従って、エアコン用コンプレッサなどの補機負荷をなるべく作動させつつ、エンストの発生を回避できる。
図1において、内燃機関101の吸気管102には、スロットルモータ103aでスロットルバルブ103bを開閉駆動する電子制御スロットル104が介装され、該電子制御スロットル104及び吸気バルブ105を介して、燃焼室106内に空気が吸入される。
燃焼排気は燃焼室106から排気バルブ107を介して排出され、フロント触媒108及びリア触媒109で浄化された後、大気中に放出される。
一方、吸気バルブ105側には、吸気バルブ105のバルブリフト量を作動角と共に連続的に可変する可変動弁機構であるVEL(Variable valve Event and Lift)機構112が設けられる。
マイクロコンピュータを内蔵するエンジンコントロールユニット(ECU)114は、アクセル開度に対応する目標吸入空気量が得られるように、前記電子制御スロットル104,VEL機構112及びVTC機構113を制御する。
前記ECU114には、内燃機関101の吸入空気量を検出するエアフローメータ115、アクセル開度を検出するアクセルペダルセンサ116、クランク軸120からクランク回転信号を取り出すクランク角センサ117、スロットルバルブ103bの開度TVOを検出するスロットルセンサ118、内燃機関101の冷却水温度を検出する水温センサ119からの検出信号が入力される。
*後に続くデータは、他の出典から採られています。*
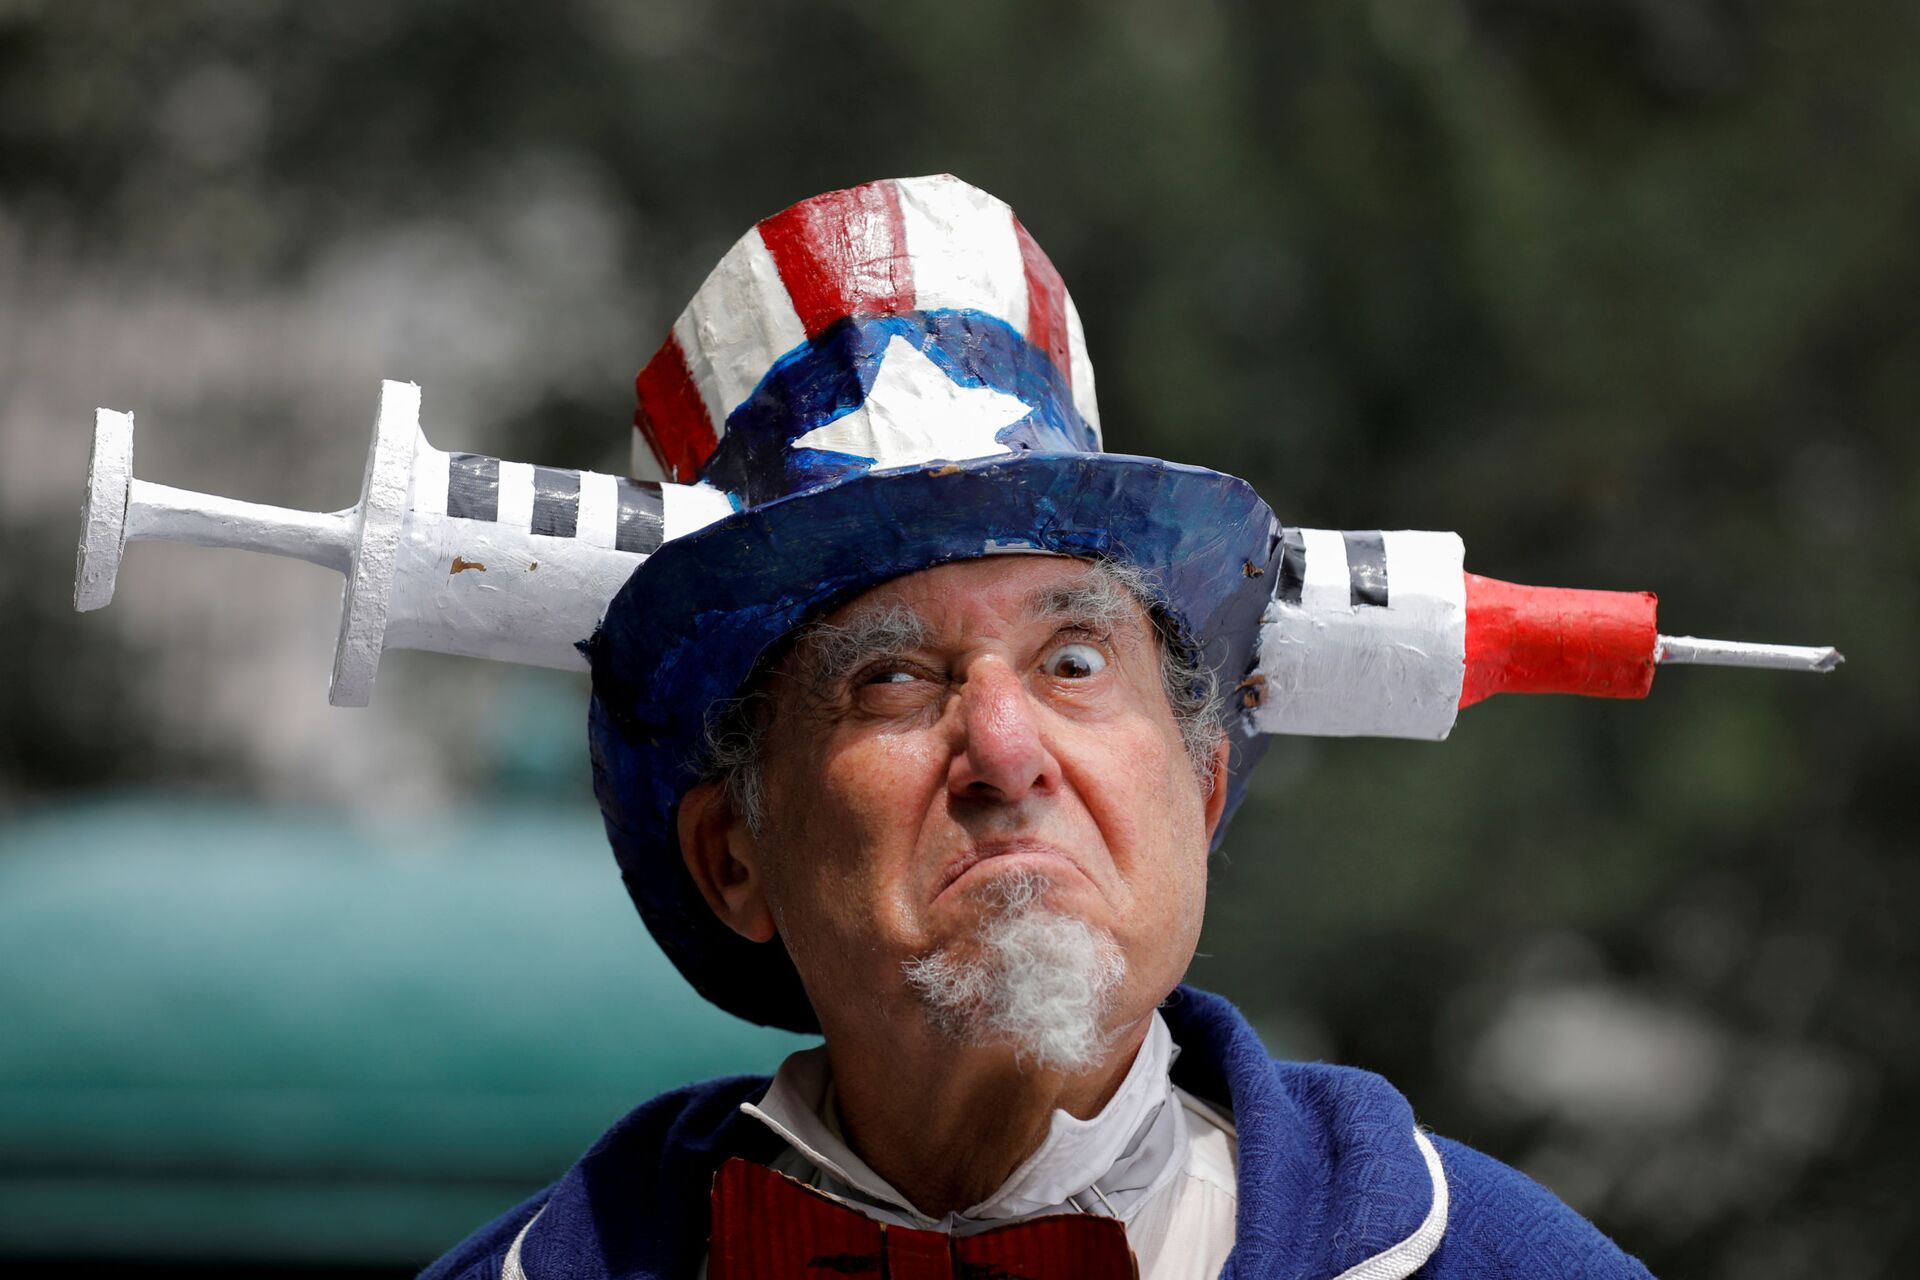 A person dressed as Uncle Sam attends an anti-mandatory coronavirus disease (COVID-19) vaccine protest in New York. - Sputnik International, 1920, 26.12.2021

前記ECU114は、機関運転状態に基づいて燃料噴射量を演算し、該燃料噴射量に比例するパルス幅の噴射パルス信号を前記燃料噴射弁131に出力することで、前記燃料噴射弁131による燃料噴射を制御する。
図2〜図4は、前記VEL機構112の構造を詳細に示すものである。
図2〜図4に示すVEL機構112は、一対の吸気バルブ105,105と、シリンダヘッド11のカム軸受14に回転自在に支持された中空状のカム軸13(駆動軸)と、該カム軸13に軸支された回転カムである2つの偏心カム15,15(駆動カム)と、前記カム軸13の上方位置に同じカム軸受14に回転自在に支持された制御軸16と、該制御軸16に制御カム17を介して揺動自在に支持された一対のロッカアーム18,18と、各吸気バルブ105,105の上端部にバルブリフター19,19を介して配置された一対のそれぞれ独立した揺動カム20,20とを備えている。
上記ロッカアーム18,18,リンクアーム25,25,リンク部材26,26が伝達機構を構成する。
また、前記偏心カム15は、カム軸13に対し前記バルブリフター19に干渉しない両外側にカム軸挿通孔15cを介して圧入固定されている。
また、基部18aの外端部に突設された一端部18bには、リンクアーム25の先端部と連結するピン21が圧入されるピン孔18dが貫通形成されている一方、基部18aの内端部に突設された他端部18cには、各リンク部材26の後述する一端部26aと連結するピン28が圧入されるピン孔18eが形成されている。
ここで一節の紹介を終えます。